I was falling apart. Grad school was more intense than I'd imagined. I was having trouble coping with the basics of day to day life, much less the demands of school. I frequently didn't make it to class. Even when I did, I wasn't really there. Any attempts at writing papers, or even reading for class were met with blank stares at my computer and books. My living space ceased to exist but for the five feet around me at any given time. And frequently less than that. I persisted, I survived, but I wasn't living. I was lost, and had no idea why. My relationships had in the past been pillars of mutual strength and support. Now my local partner bore the brunt of me simultaneously reaching out for contact and comfort, and pushing him away. The relationship with my east coast partner had become a weight around my neck, of what it should but couldn't be across the vast geographic distance between us. All of this happened so gradually that I didn’t really see it coming, until I was in the midst of it. Even once I was there, I was so caught up in it all that several times I thought I was getting better, simply because I was feeling a little less bad.
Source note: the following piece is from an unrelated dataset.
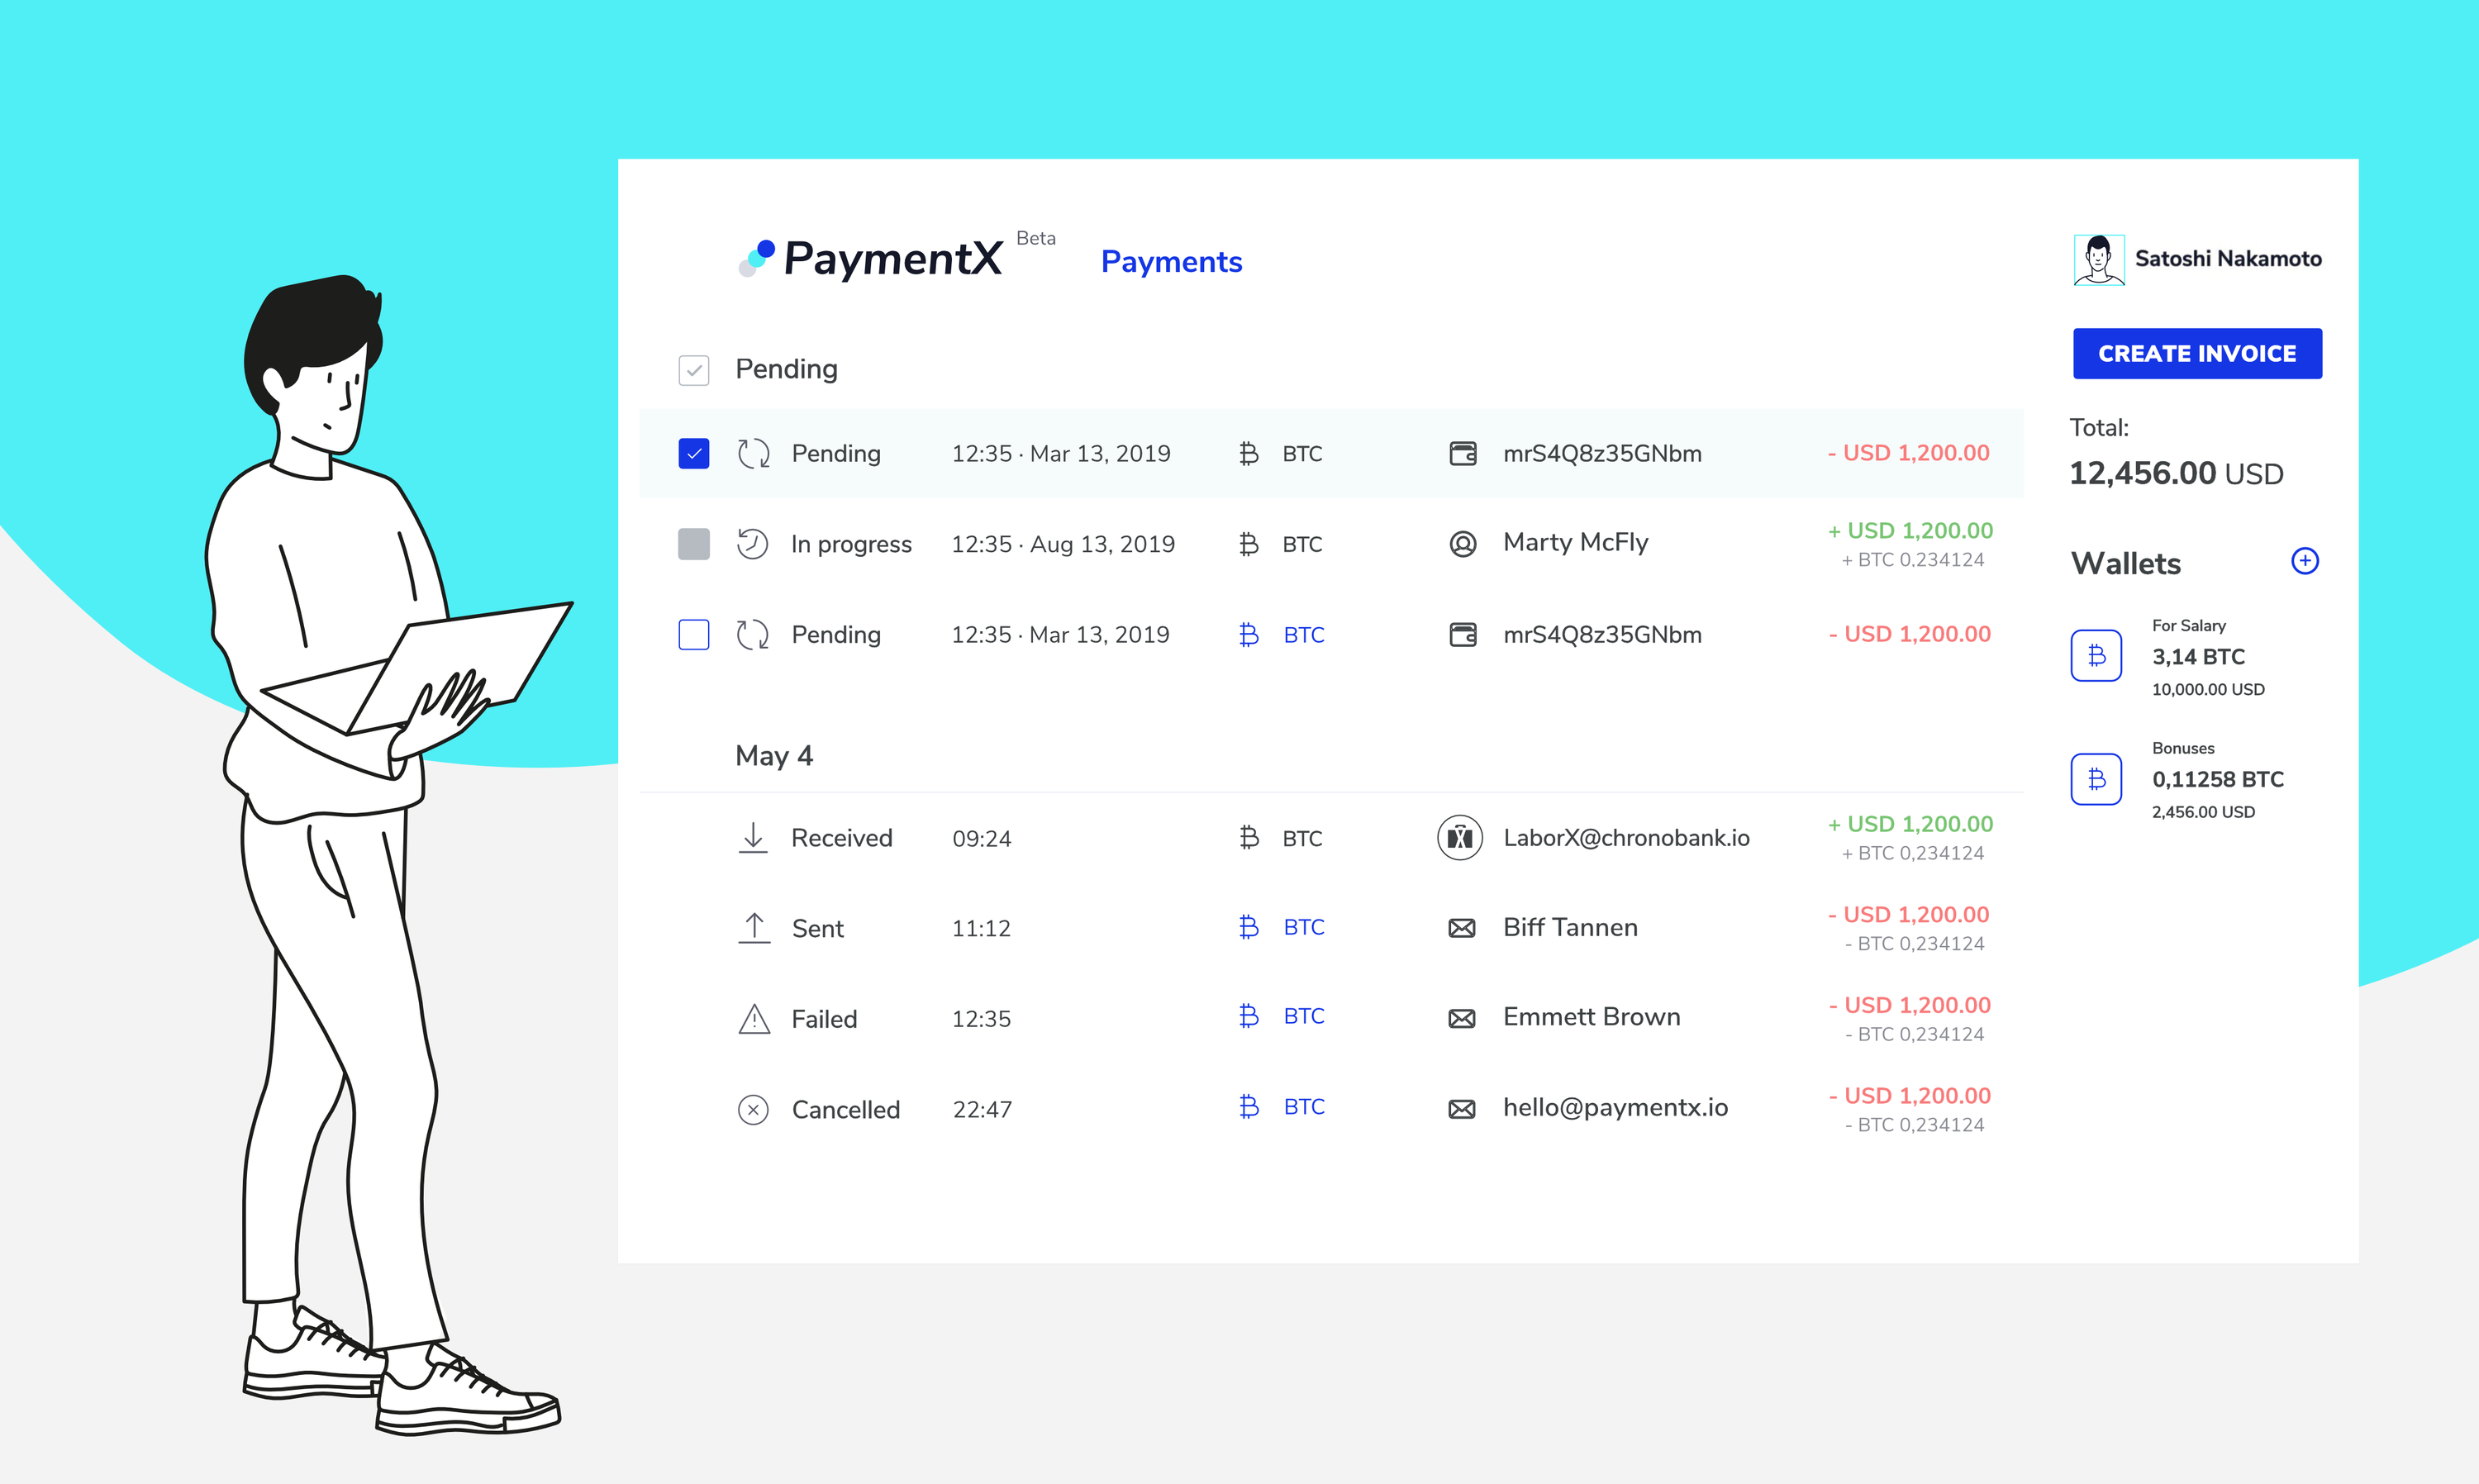 Find detailed information about PaymentX
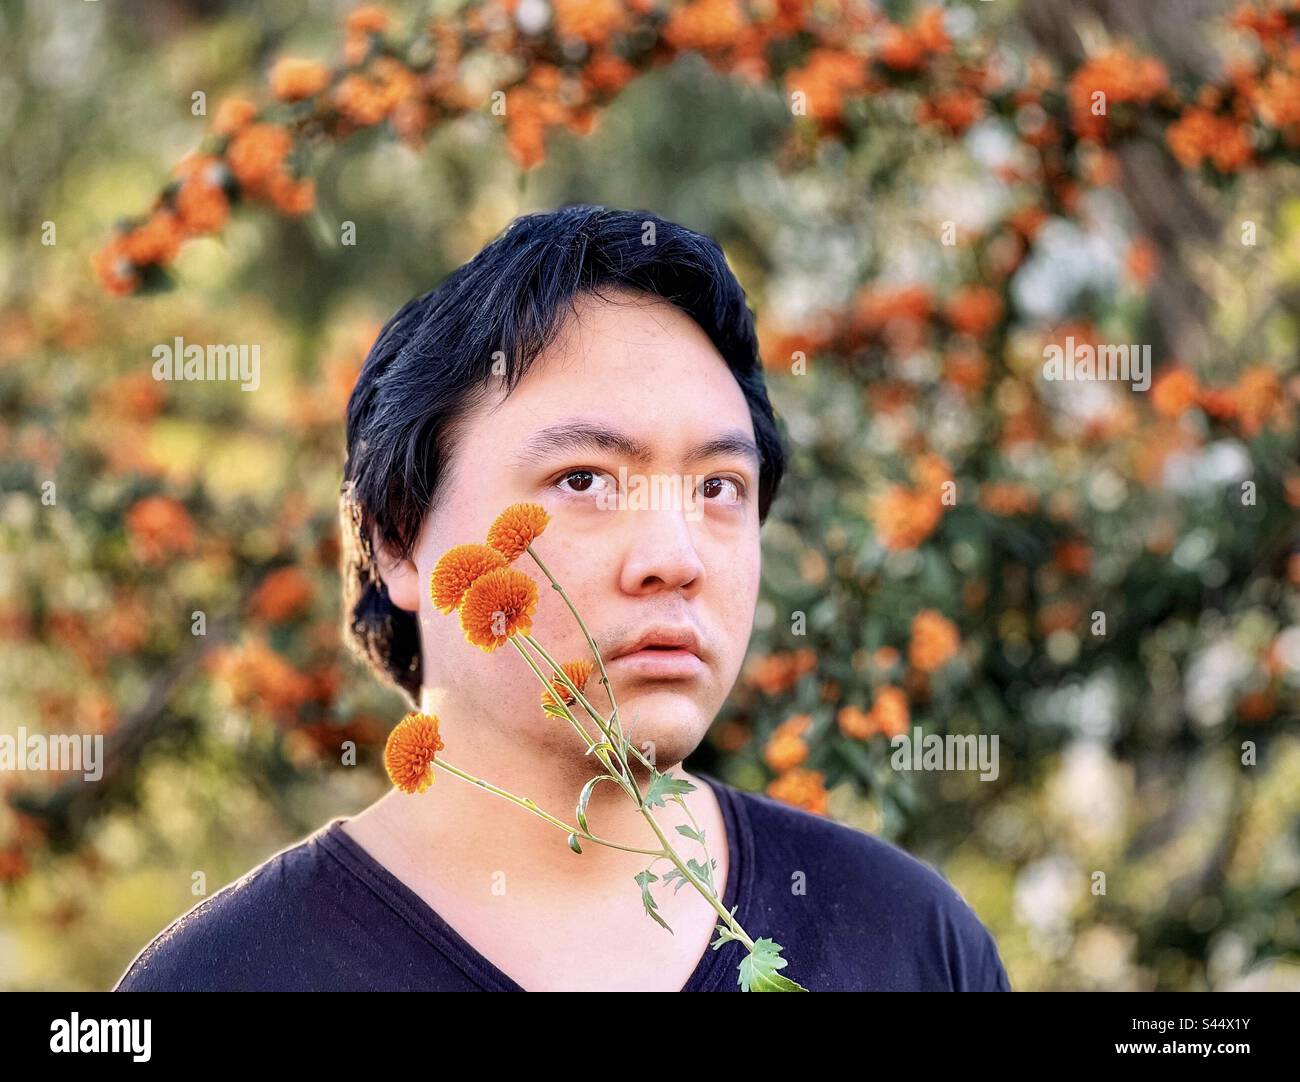 Portrait of young Asian man holding orange mums flowers against orange Cotoneaster berry trees. Focus on foreground. Autumn themes. Stock Photo

When I look back, it probably all started the spring before. But it wasn't any one thing that acted as the proverbial straw. Various stresses had begun to build. By fall, I realized I was starting to crack, and sought ways to cope. When I found myself considering inpatient psychiatric treatment, I knew something had to change. I'd long suspected that meditation should help, but could never get into it on my own. I'd looked into potential places to check out group meditation since before moving to Chicago. Now was the time to act. Just after Samhain, I took a bold step and went alone to my first introductory Zen meditation. I’d never fathomed what I would find there.
Within the first few weeks of going to sit for zazen meditation, I recognized that I felt more centered, and grounded, and calm in my day to day life. In addition, I also found an amazing community that supports one another and is more welcoming than I could have imagined. I frequently came home high on the combined spiritual and social experience at the dojo.
I could gush and fawn for pages. I did both to anyone who would listen for months afterward. To keep it brief: I fell head over heels, heart mind and soul in love with the sangha, and their particular flavour of Buddhism. For the next six months or so, I was at the dojo at every opportunity. I attended brief (and sometimes not so brief) retreats. I couldn't get enough. When I heard about one of the projects they were working on, there was no way I wasn't going to get involved.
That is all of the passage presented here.